2.4 Gene dependency data download and processing
Gene dependency data were all downloaded from the DepMap portal. RNAi gene dependency data ‘demeter’ was downloaded as ‘D2_combined_gene_dep_scores.csv’ from DEMETER2 Data v6 (McFarland et al., 2018), CRISPR gene dependency data ‘achilles’ was downloaded as ‘Achilles_gene_effect.csv’ from the 20Q4 data release (2020), ‘sanger’ was downloaded as ‘gene_effect.csv’ (2019).
2.5 Generation of consistency measure ‘r.summary’
We filtered out pairwise correlations from less than 10 cell lines. For compound screening datasets that have within-study replicates, when multiple pairwise inter-study correlations are available for a specific study pair, z-score transformation is applied and only the correlation corresponding to the largest z-score is retained. After this filtering, if there is only one pair of correlation left, this is used as the r.summary; otherwise meta-analysis is performed with R package ‘metacor’ to implement the DerSimonian-Laird (DSL) random-effect meta-analytical approach with correlation coefficients as effect sizes, as described by Schulze (2004). For indirect consistency assessment, while a secondary correlation calculation was performed for two sets of compound/gene feature-versus-transcriptome correlation coefficients from the paired studies, instead of using the number of genes from the transcriptome as the sample size for meta-analysis input, we used the number of overlapping cell lines from the dataset pair with transcriptomic data available as the substitute sample size so that the weight for the random effect model would be similar to the direct assessment.

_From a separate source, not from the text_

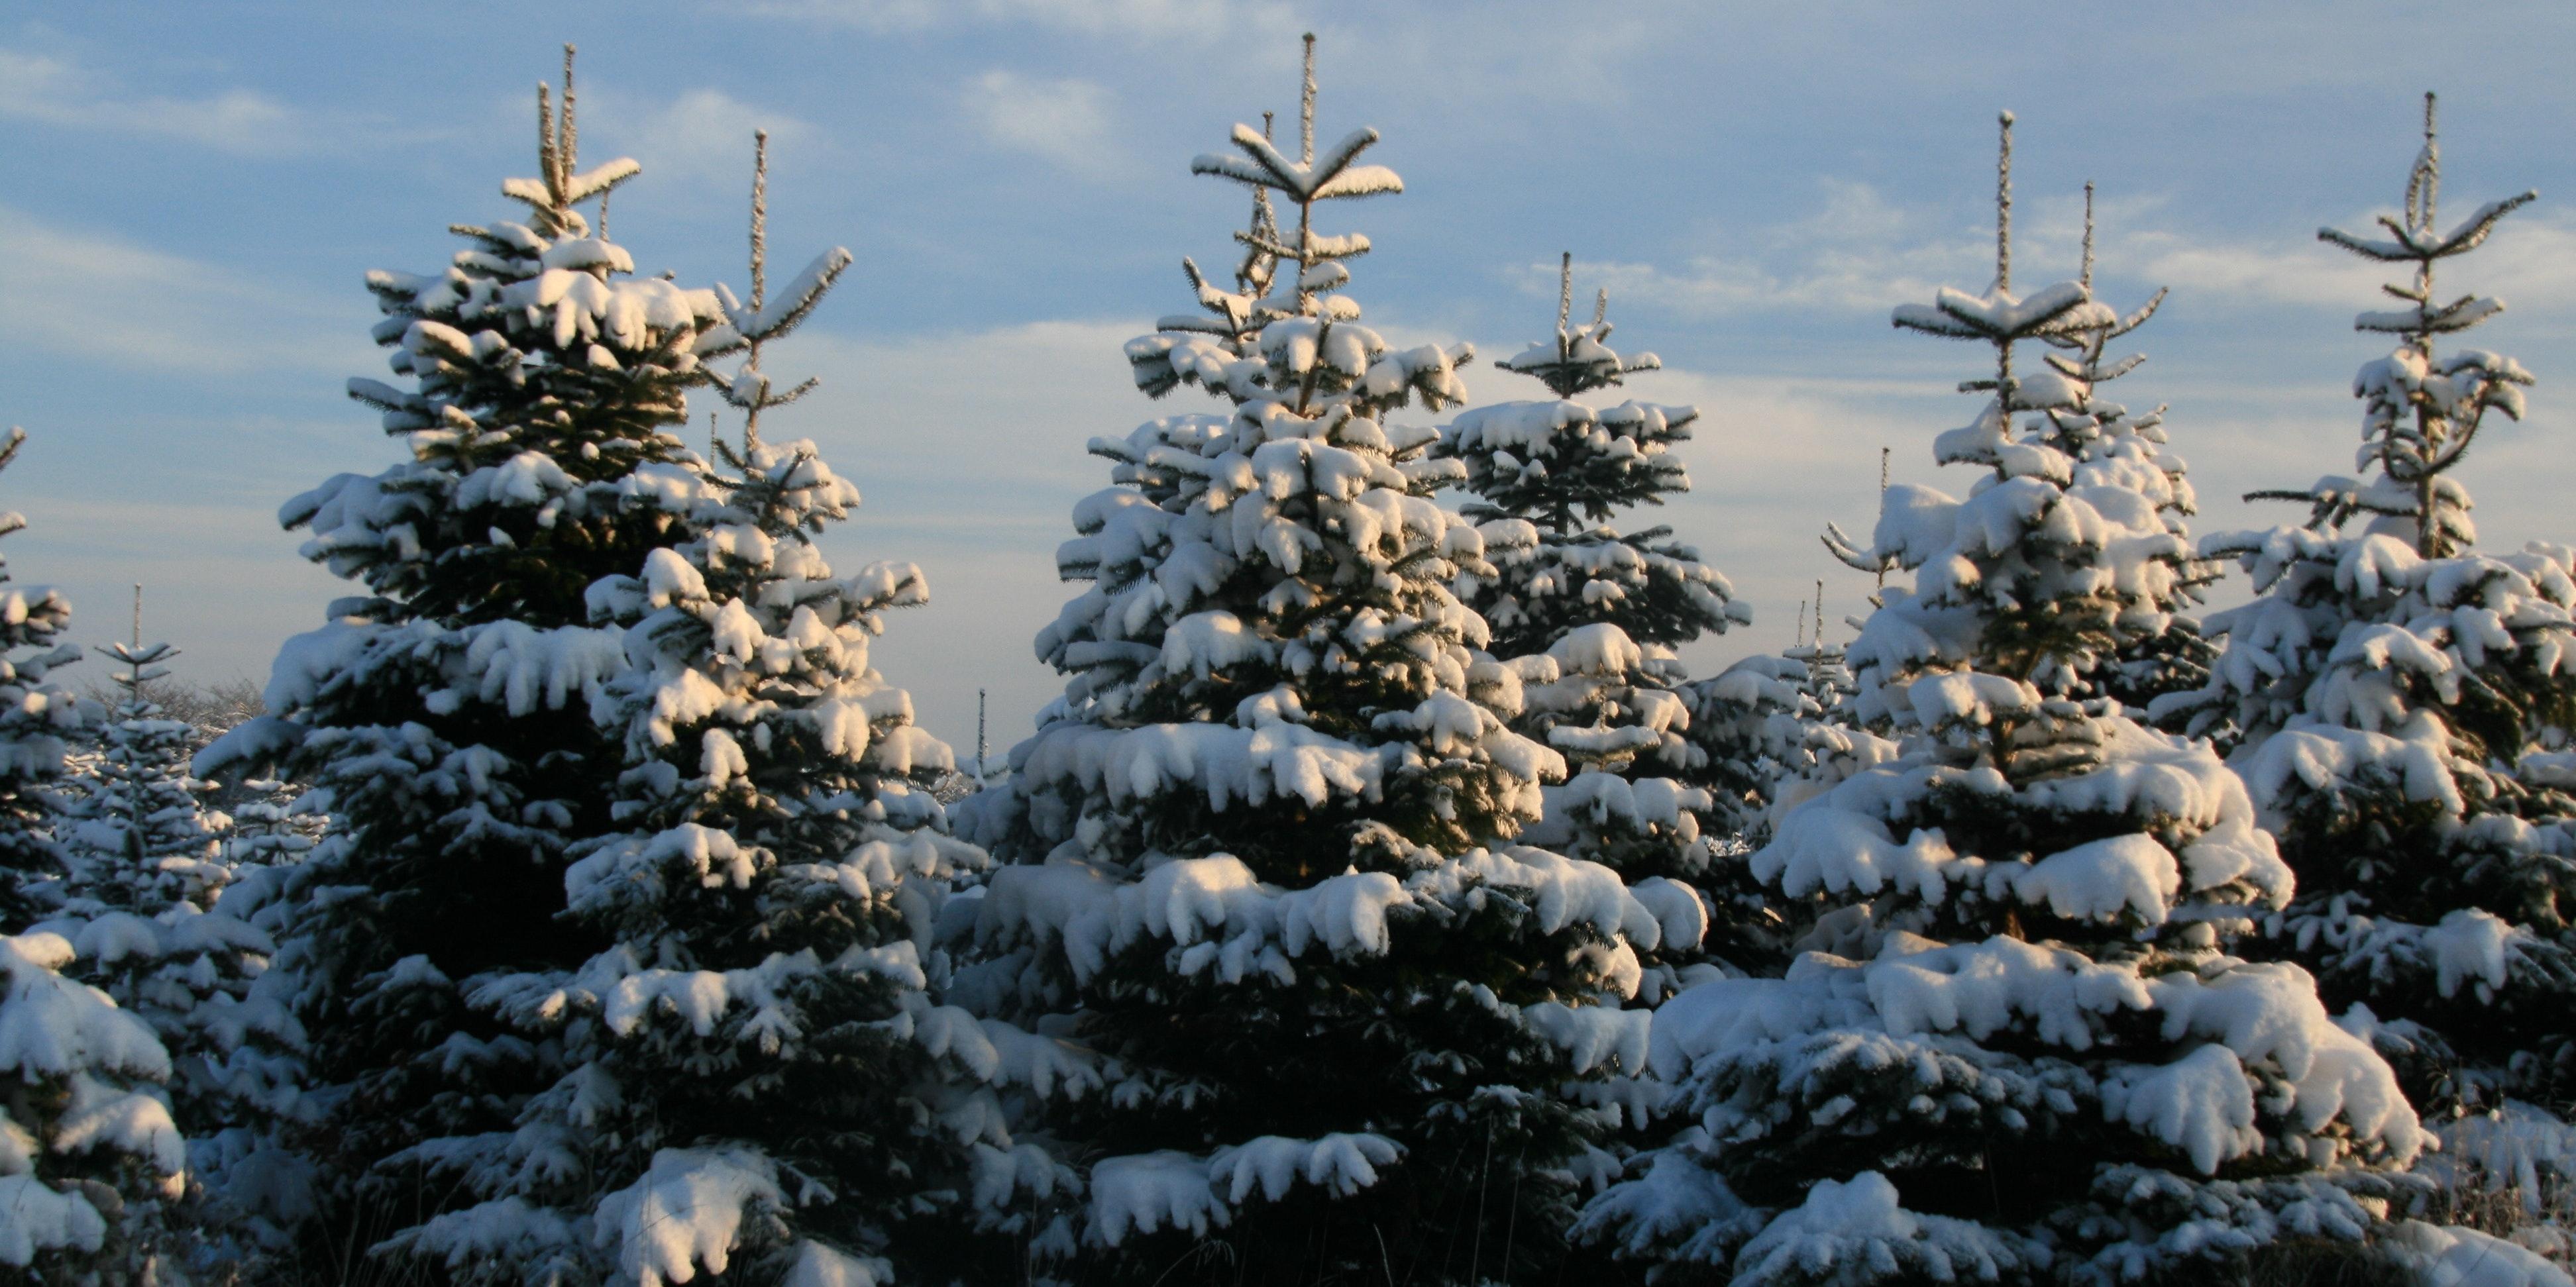 Next year's crop (Christmas tree farm) #2

2.6 Bimodal distribution determination
To dichotomize samples into two groups, R package ‘mclust’ was use to implement Gaussian mixture modeling with assumption of two clusters with equal variance. Bimodal index (BI) is determined for the same model, following the method described by Wang et al. (2009). A higher BI value is indicative of a stronger bimodal distribution.
2.7 Determination of drug market status
We performed literature search and found WITHDRAWN—a database of withdrawn and discontinued drugs (Siramshetty et al., 2016). We downloaded lists of 270 ‘withdrawn’ compounds and 308 ‘discontinued’ compounds from with WITHDRAWN web page. According to WITHDRAWN, ‘withdrawn’ drugs are those recalled from market in at least one country due to toxic/side effects whereas ‘discontinued’ drugs are those recalled due to reasons other than safety, such as ineffectiveness of drug. 44 of the withdrawn and 45 of the discontinued compounds could be found in our summary consistency measure table. For all the remaining drugs, we used the drug group annotation from DrugBank (Wishart et al., 2006). We excluded compounds with missing annotation or with annotations as ‘vet_approved’ or ‘nutraceutical’, and we combined ‘experimental’ and ‘investigational’ into one group.
2.8 Indirect consistency assessment
RNA-seq gene expression data and copy number data from CCLE (Ghandi et al., 2019) was downloaded from the DepMap portal as ‘CCLE_depMap_19Q1_TPM.csv’ and ‘public_19Q1_gene_cn.csv’ on April 29, 2019. From the expression data, genes with variance of zero were removed from the dataset. As the standard method, only RNA-seq data was used; to apply the GRACE method as we previously described (Cai et al., 2017), for every gene we use the copy number as the predictor variable and the RNA-seq gene expression as the response variable to fit a linear regression model. The residuals from the resulting fit were saved as copy number-adjusted gene expression data. For each indirect assessment, we first computed the Pearson correlation coefficients between the functional data features and the expression data for each dataset, and then for each pair of datasets, we performed correlation of the previously computed correlation coefficients to get a single correlation coefficient for each functional data feature.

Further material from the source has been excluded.